Synchronous vs. Asynchronous Writes
• Most disks include a cache that stores information read from or to
be written to the disk.
• Synchronous writes
– Are not cached
– Are written in the order that they are received
– The calling routine waits for the data to reach disk
– Useful for database writes and other atomic transactions
• Asynchronous writes
– Are cached
– Are written in any order
– The calling routine does not wait
– Are most common
Recovering from System Crashes
• A system crash that occurs when data is being written to disk (or in cache
waiting to be written to disk) can cause inconsistencies among directory
structures and FCBs.
• Consistency checking
– The system can scan the metadata on the file system to check the
consistency of the system.
– Inconsistencies may or may not be reparable.
– Consistency checking can take a very long time.
• Many modern file systems are log-based transaction-oriented (or
journaling) file systems
– All metadata changes are written in a log.
– A transaction is considered committed once it is in the log, and the
user process may continue executing.
– After the transaction is (asynchronously) carried out on disk, the log
entry is deleted.
– If the system crashes, log indicates transactions to be performed.
Recovering from System Crashes
• Network Appliance’s WAFL file system and Sun’s ZFS file system
use a different alternative to consistency checking:
– The system never overwrites old blocks with new data.
– All transactions are written to new blocks.
– When the writes are complete, the metadata structures pointing
to the old blocks are updated to point to new blocks.
– The old blocks are then made available for re-use.
• ZFS also provides check-summing of all metadata and data blocks.

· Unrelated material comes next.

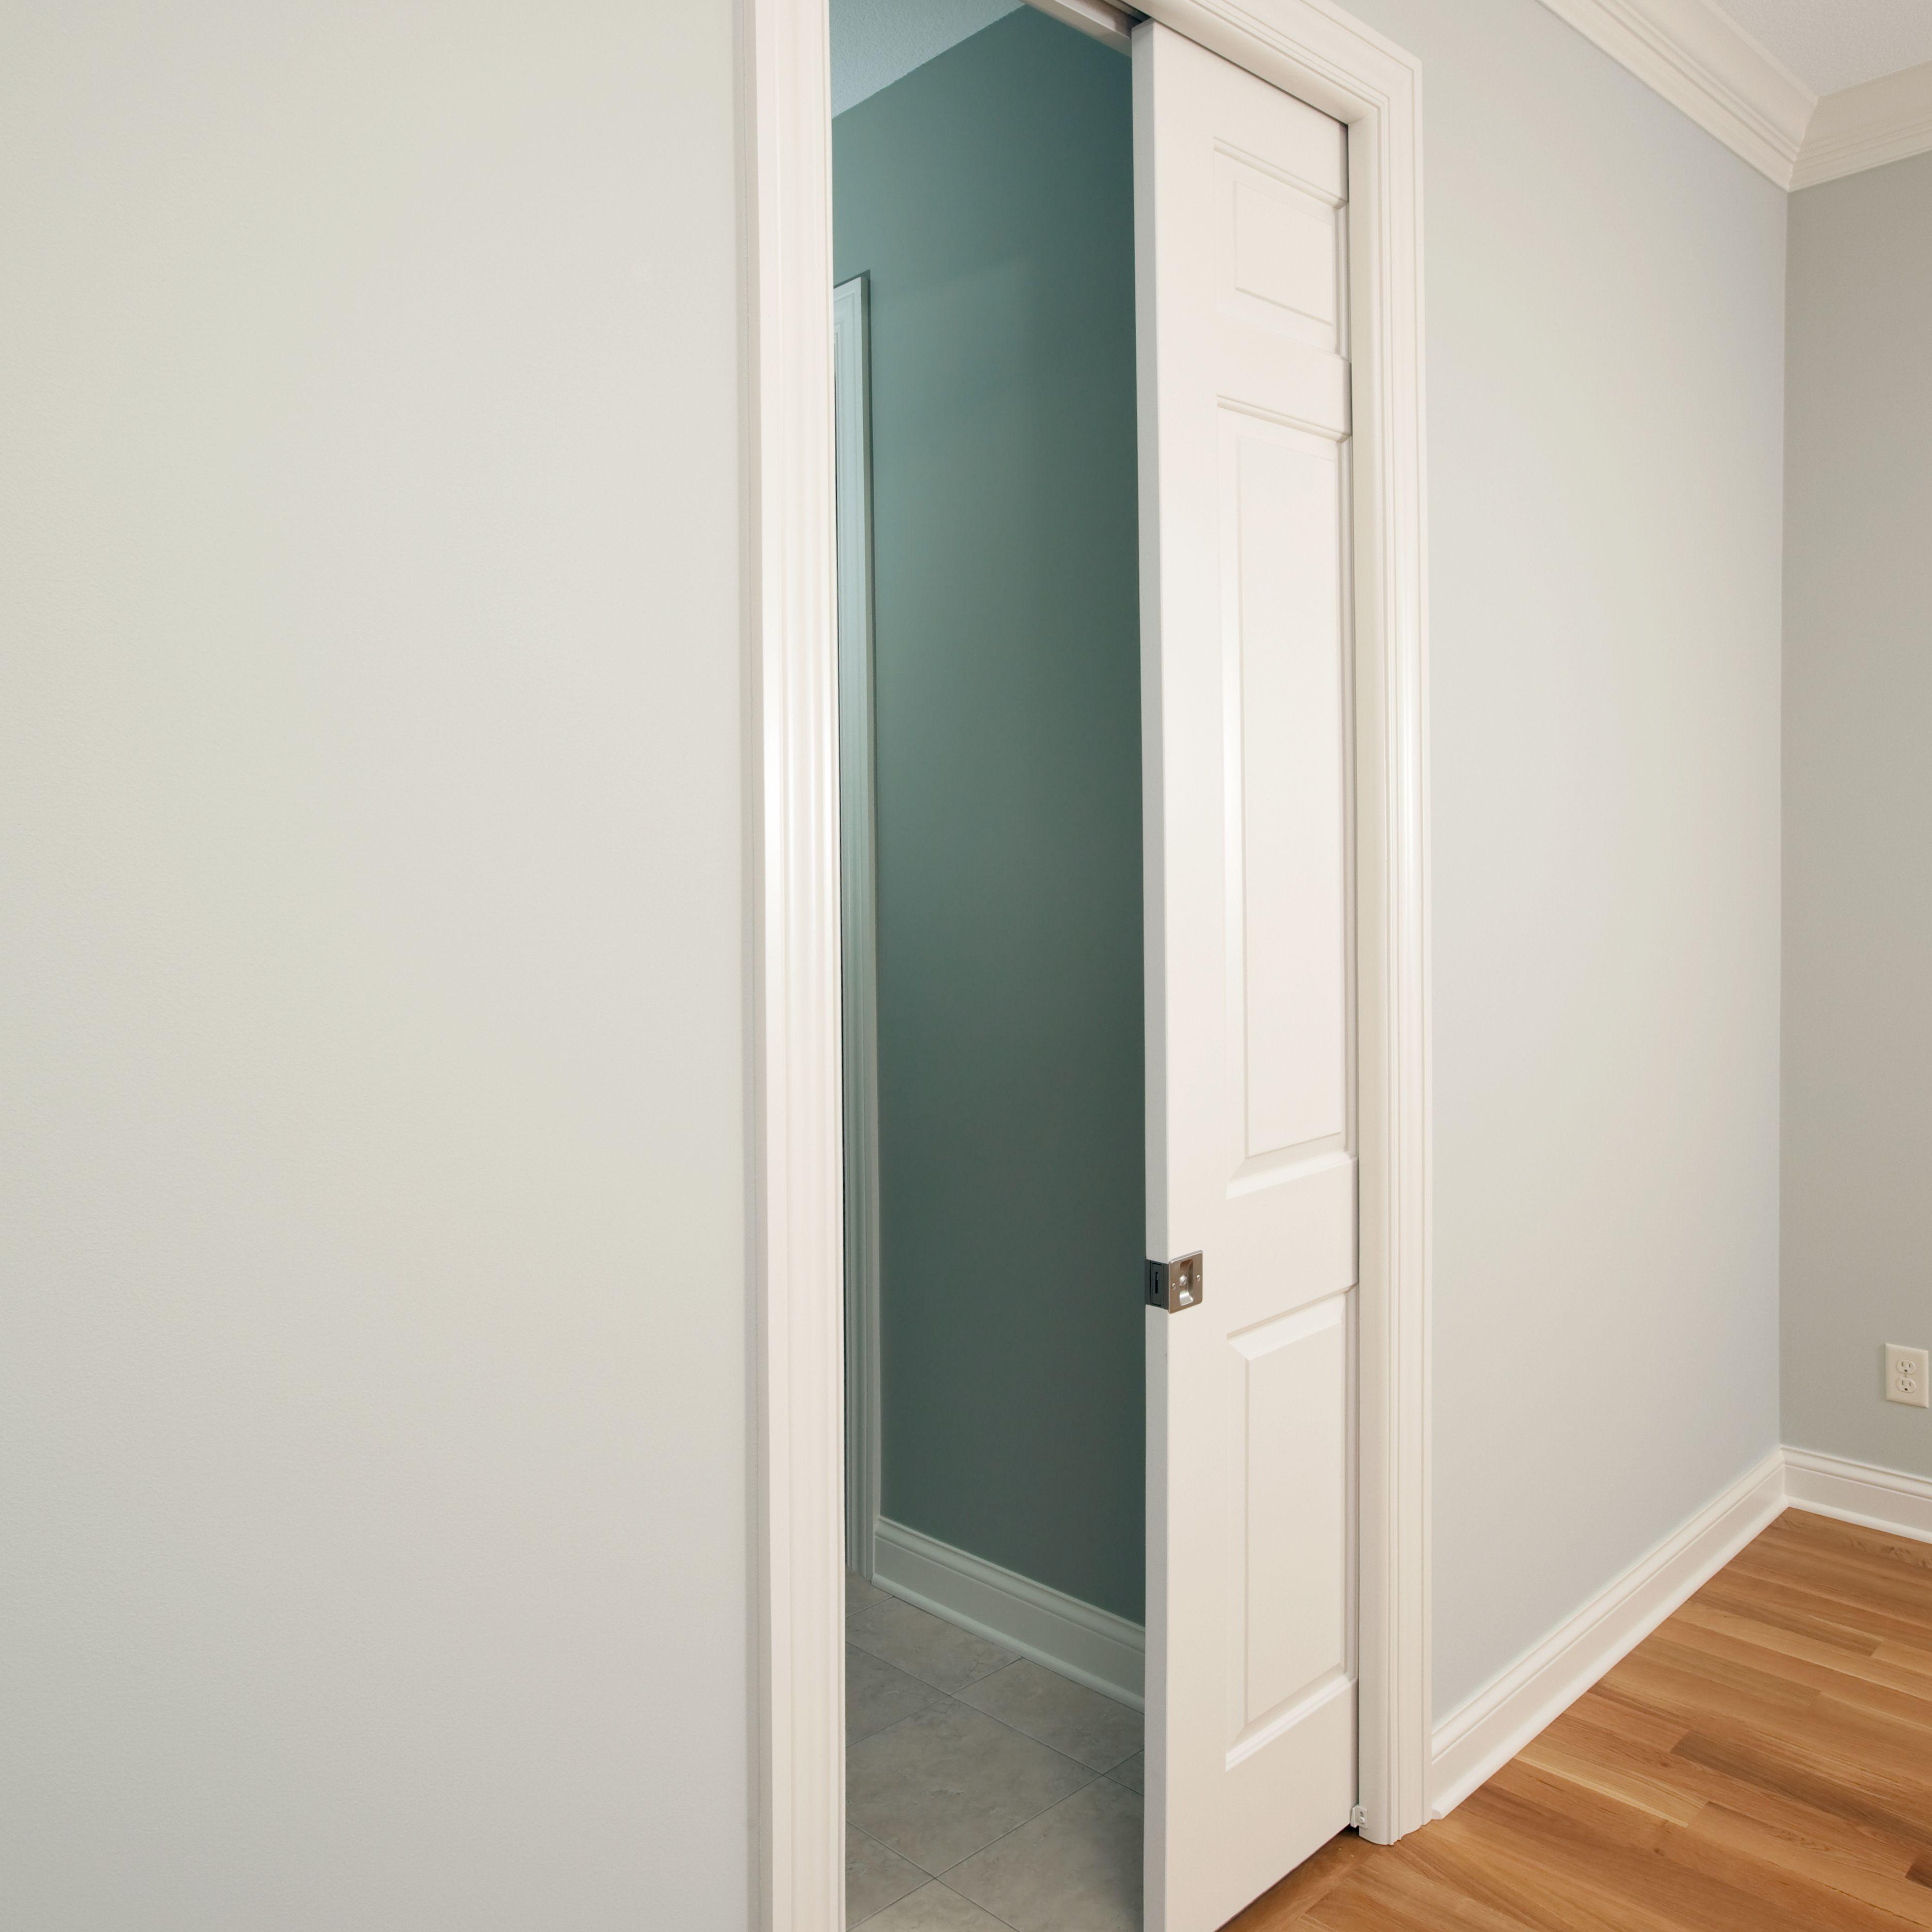 How To Install A Pocket Door

– ZFS has no consistency checker.
• Since all devices eventually fail, backing up files to other storage
media is essential for preserving data.
Example: NFS
• The Sun Network File System (NFS) is an implementation and a
specification of a file system for accessing remote files across
• Allows remote directories to be mounted over local directories
– The mount request requires the hostname and directory name
for the remote machine.
– Mounting is subject to access-rights control.
– Once mounted, a remote directory integrates seamlessly into the
local file system and directory structure.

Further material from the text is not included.